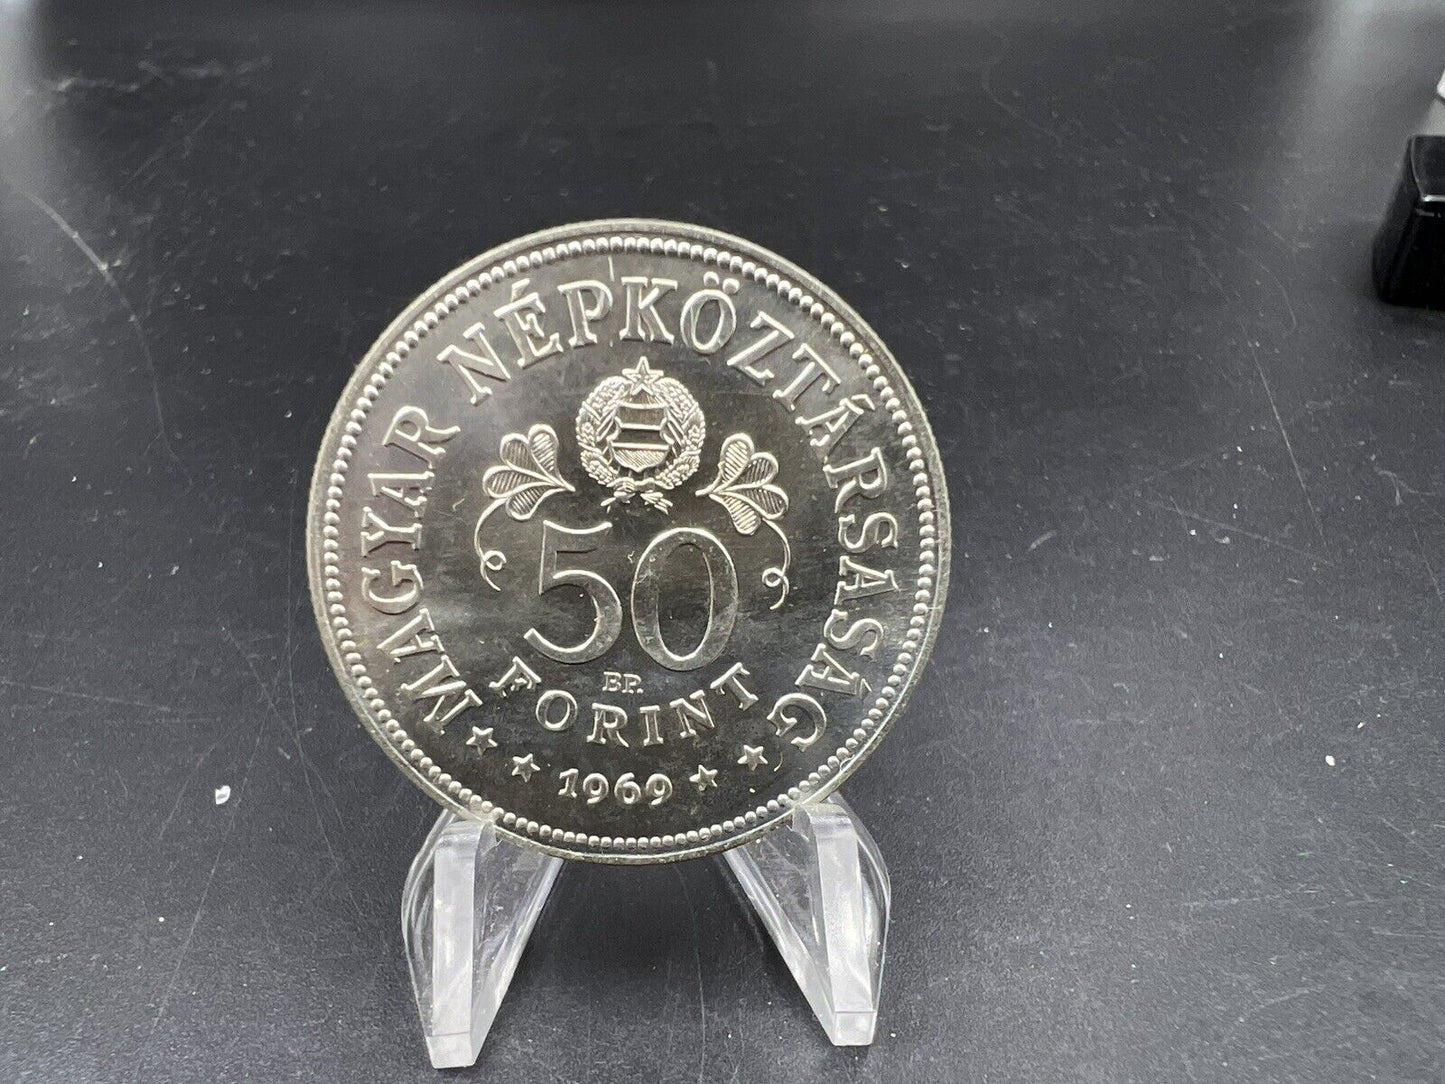 HUNGARY - Republic of Councils - 50 Forint 1969 - Km-589 - GEM BU Silver Coin
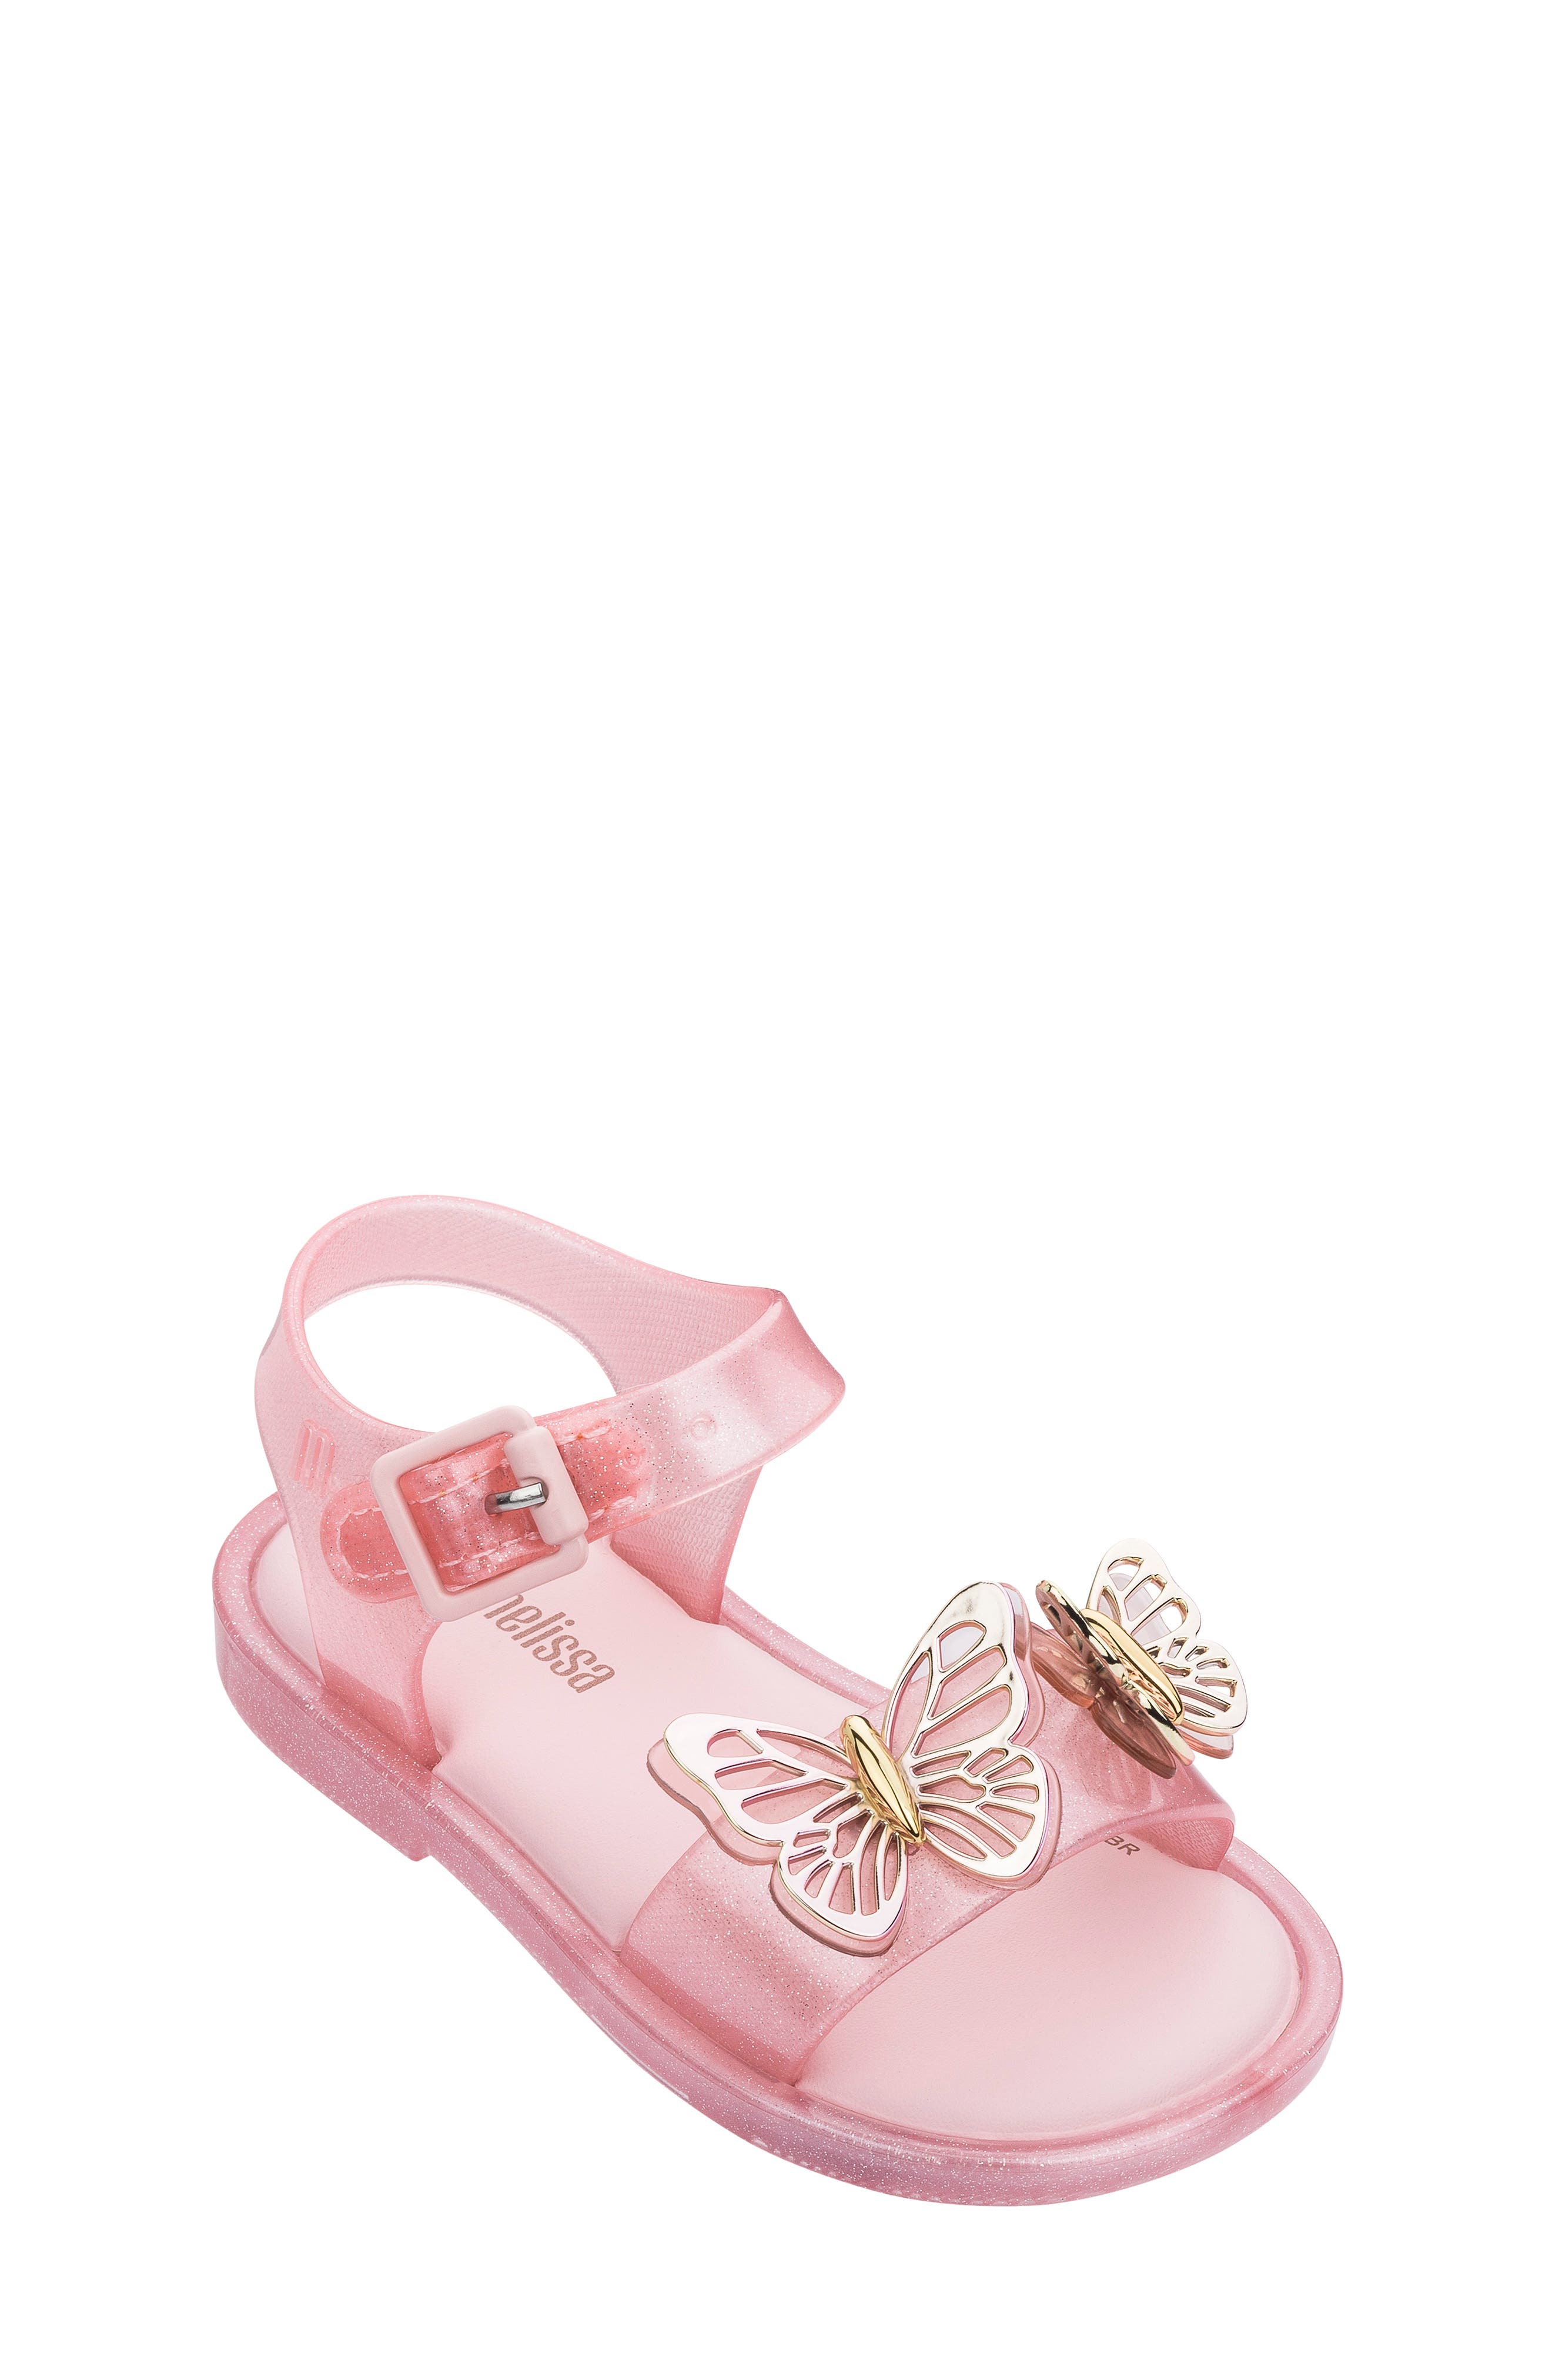 mini melissa little girl shoes
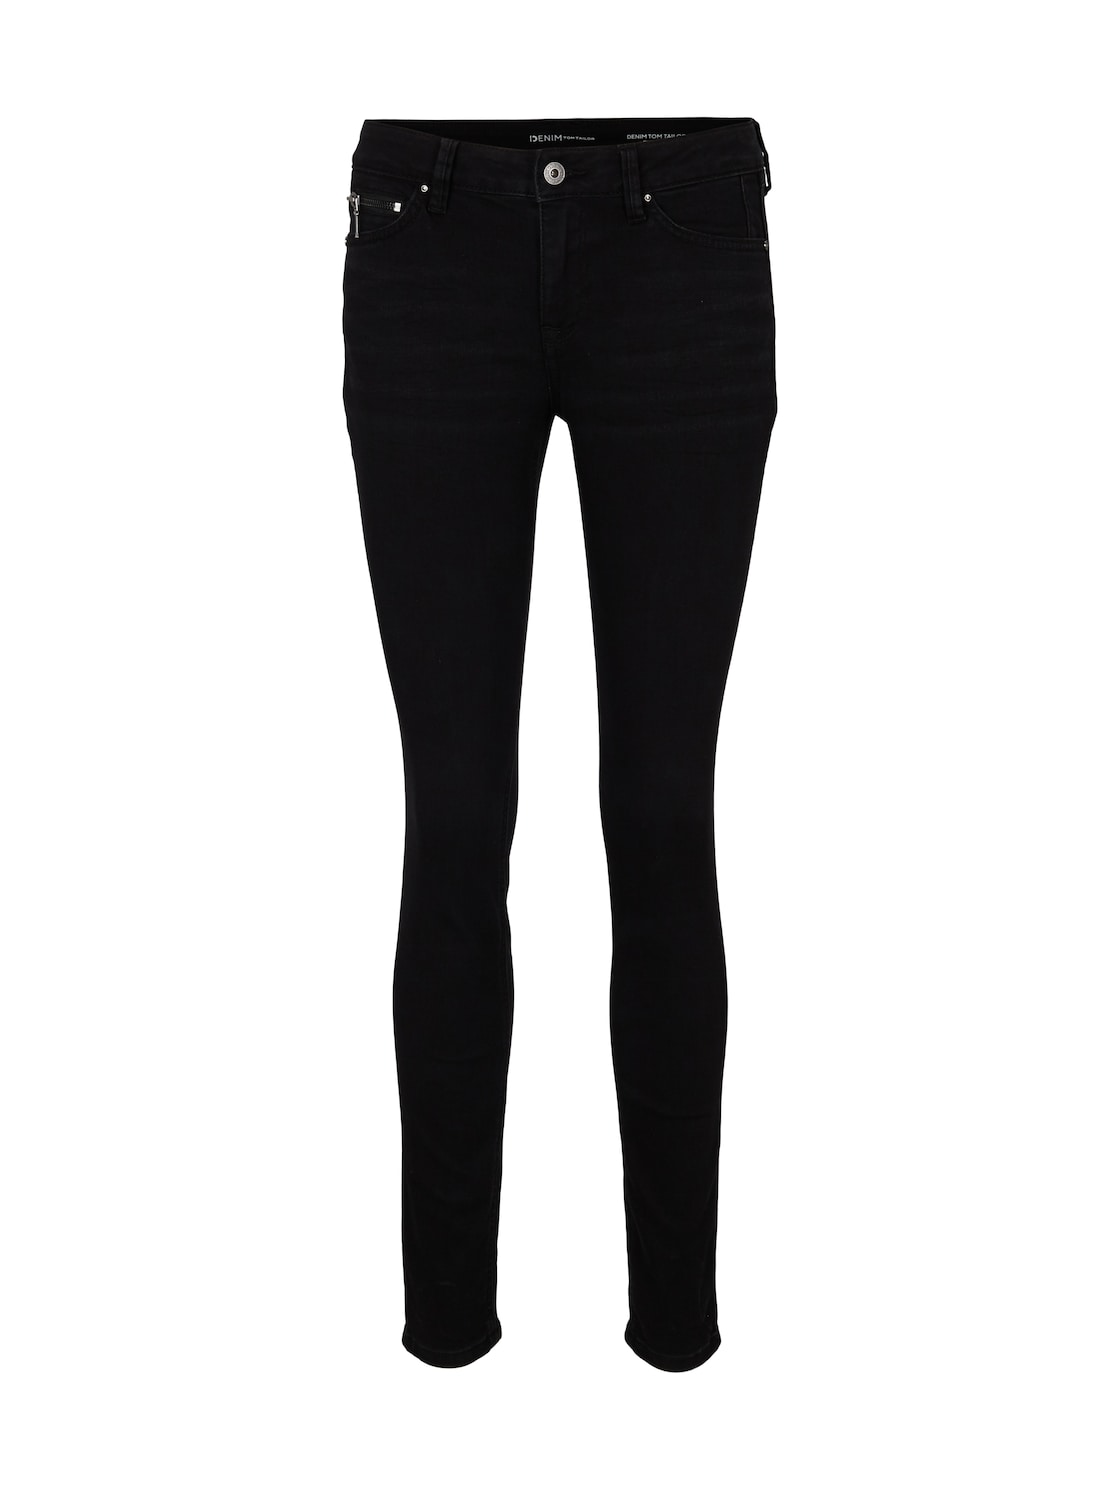 TOM TAILOR DENIM Damen Jona Extra Skinny Jeans mit recyceltem Polyester, schwarz, Uni, Gr. 26/34 von Tom Tailor Denim

WORK REQUIRED >>
Nothing but the lines from the one containing "mini melissa little girl shoes" through the last line of the listing should be copied, each word for word and without pictures.

RESPONSE AREA >>
 mini melissa little girl shoes
 TOM TAILOR DENIM Damen Jona Extra Skinny Jeans mit recyceltem Polyester, schwarz, Uni, Gr. 26/34 von Tom Tailor Denim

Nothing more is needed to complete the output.